I have a csv file test.csv
with like 4 columns
A | B | C | D
======================
aed | etge | 3r4 | pu9
frt | eide | 9h4 | sd2
jey | edlr | 8d2 | bu6
Using python I will like to append column B under column A and append column D under column C so i have below
A | C
===========
aed | 3r4
frt | 9h4
jey | 8d2
etge | pu9
eide | sd2
edlr | bu6
CodePudding user response:
Would recommend using pandas for this.
Try something like this:
import pandas as pd
dataFrame = pd.DataFrame({"A":["aed","etge","3r4"],
"B":["aed","etawge","3r4"],
"C":["aed","etgase","3r4"],
"D":["aed","etgqee","3r4"],})
AB = pd.concat([dataFrame["A"],dataFrame["B"]])
CD = pd.concat([dataFrame["C"],dataFrame["D"]])
final_dataFrame = pd.concat([AB,CD], axis=1)
final_dataFrame.columns=["A","C"]
I didn't use the exact same data that you have, but this shows how to do this. You can use pandas.read_csv to read a csv file.
Edit: If you want to read from the file directly you will first have to change the file such that it does not have the "=====", so it should look like this:
A | B | C | D
aed | etge | 3r4 | pu9
frt | eide | 9h4 | sd2
jey | edlr | 8d2 | bu6
Once that is done, do something like this:
# read the file. If test.csv is not in the same folder, then you have to give the complete file path.

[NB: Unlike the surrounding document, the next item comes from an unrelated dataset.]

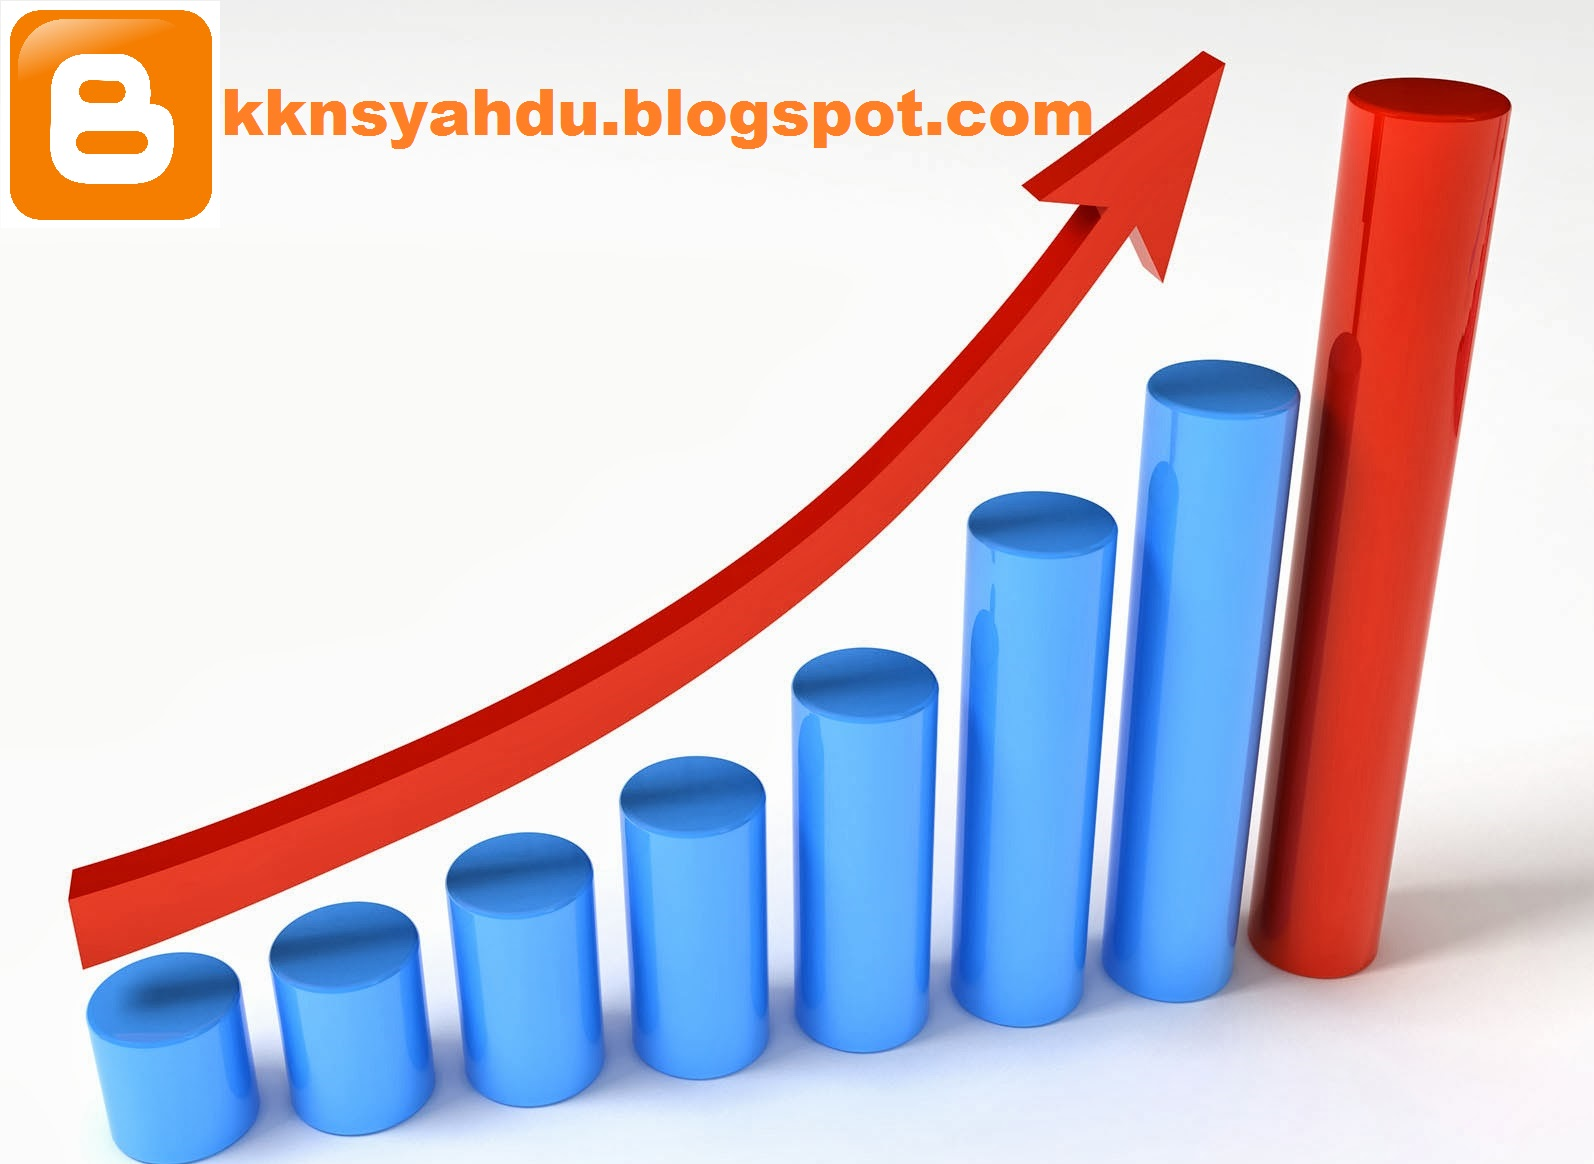 Cara Agar Blog Terkenal Dan Banyak Pengunjung

dataFrame = pd.read_csv("test.csv", sep="|")
# remove unnecessary white spaces.
dataFrame = dataFrame.apply(lambda x: x.str.strip() if x.dtype == "object" else x)

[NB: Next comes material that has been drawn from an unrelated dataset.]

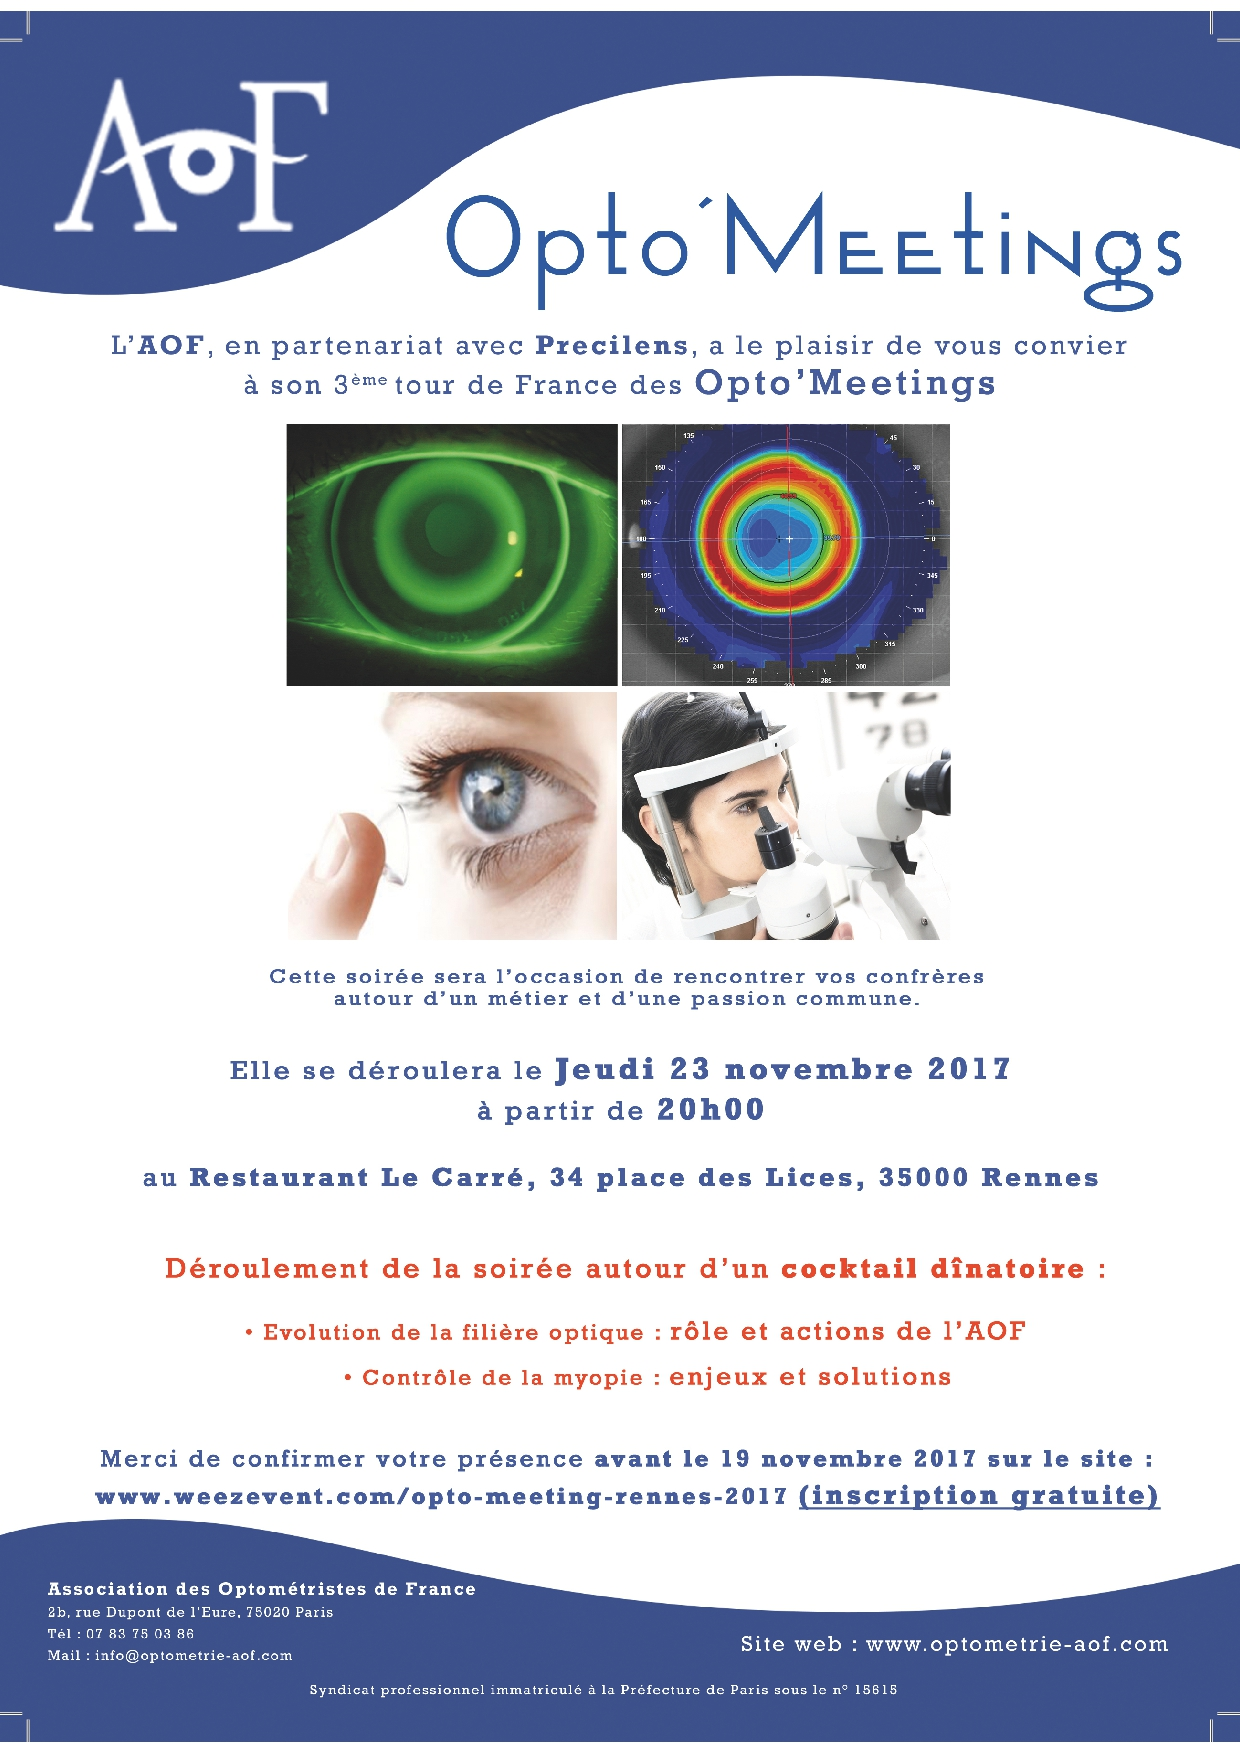 Opto'Meeting RENNES : Inscription gratuite.

# create a new column by combining column 0 and 1.
AB = pd.melt(dataFrame.iloc[:, [0, 1]])["value"]
# create a new column by combining column 2 and 3.
CD = pd.melt(dataFrame.iloc[:, [2, 3]])["value"]

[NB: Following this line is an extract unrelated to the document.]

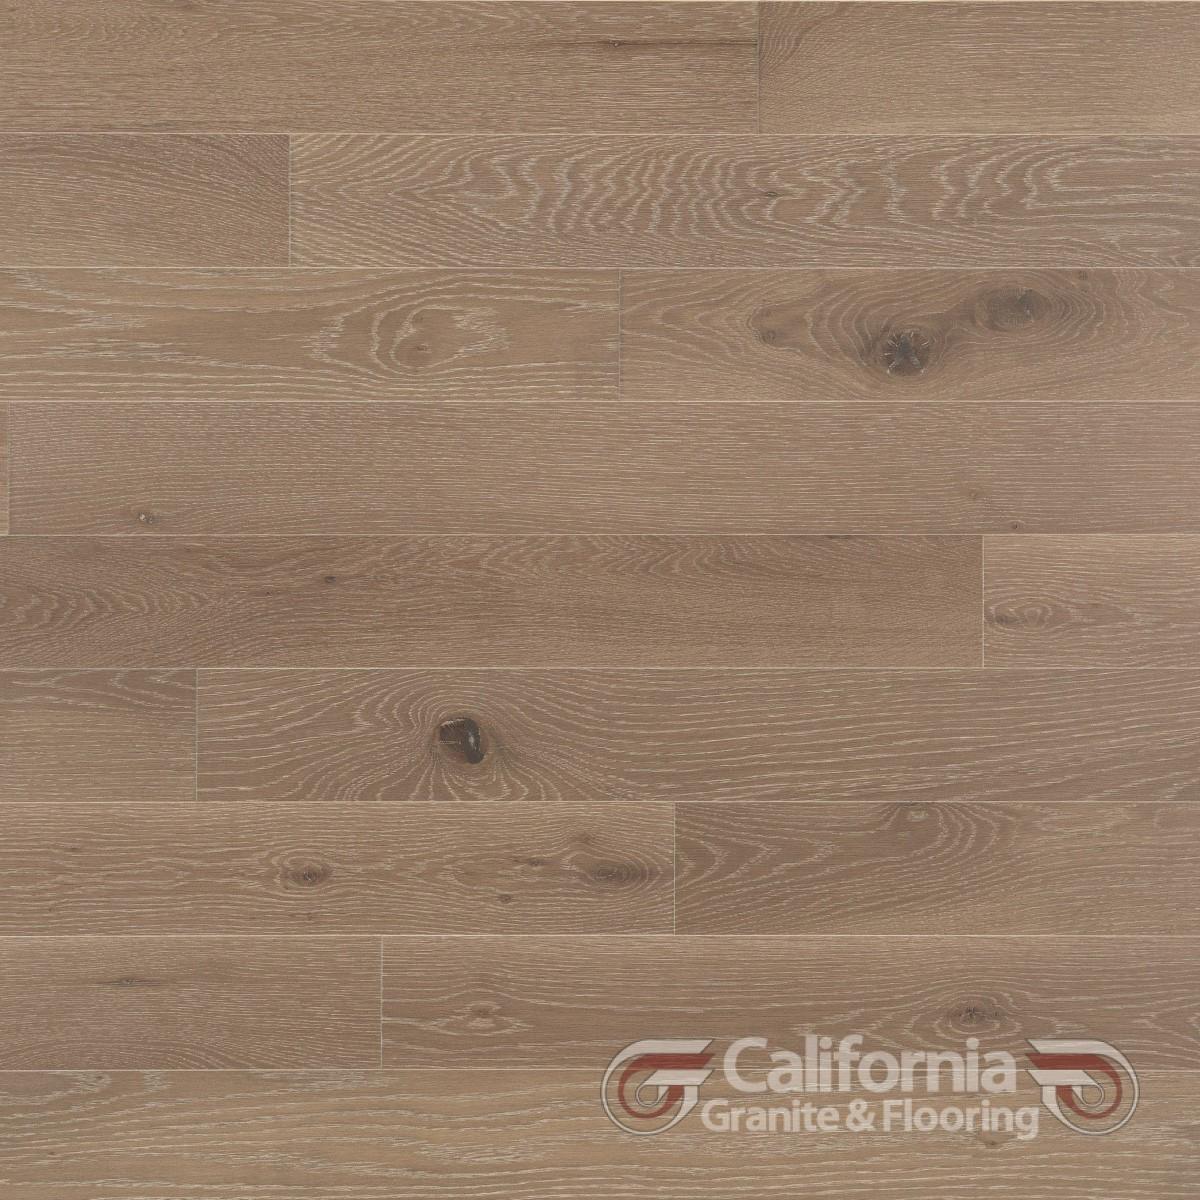 hardwood-flooring-white-oak-sand-castle-character-brushed-herringbone-2

# combine the previous two columns
final_dataFrame = pd.concat([AB, CD], axis=1)
# give them names "A" and "C"
final_dataFrame.columns = ["A", "C"]
print(final_dataFrame)
If you are not worried about readability, you can combine the different steps like this:
dataFrame = pd.read_csv("file.csv", sep="|").apply(lambda x: x.str.strip() if x.dtype == "object" else x)
final_dataFrame = pd.concat([pd.melt(dataFrame.iloc[:, [0, 1]])["value"], pd.melt(dataFrame.iloc[:, [2, 3]])["value"]], axis=1)
final_dataFrame.columns = ["A", "C"]
print(final_dataFrame)
This gives the result:
A C
0 aed 3r4
1 frt 9h4
2 jey 8d2
3 etge pu9
4 eide sd2
5 edlr bu6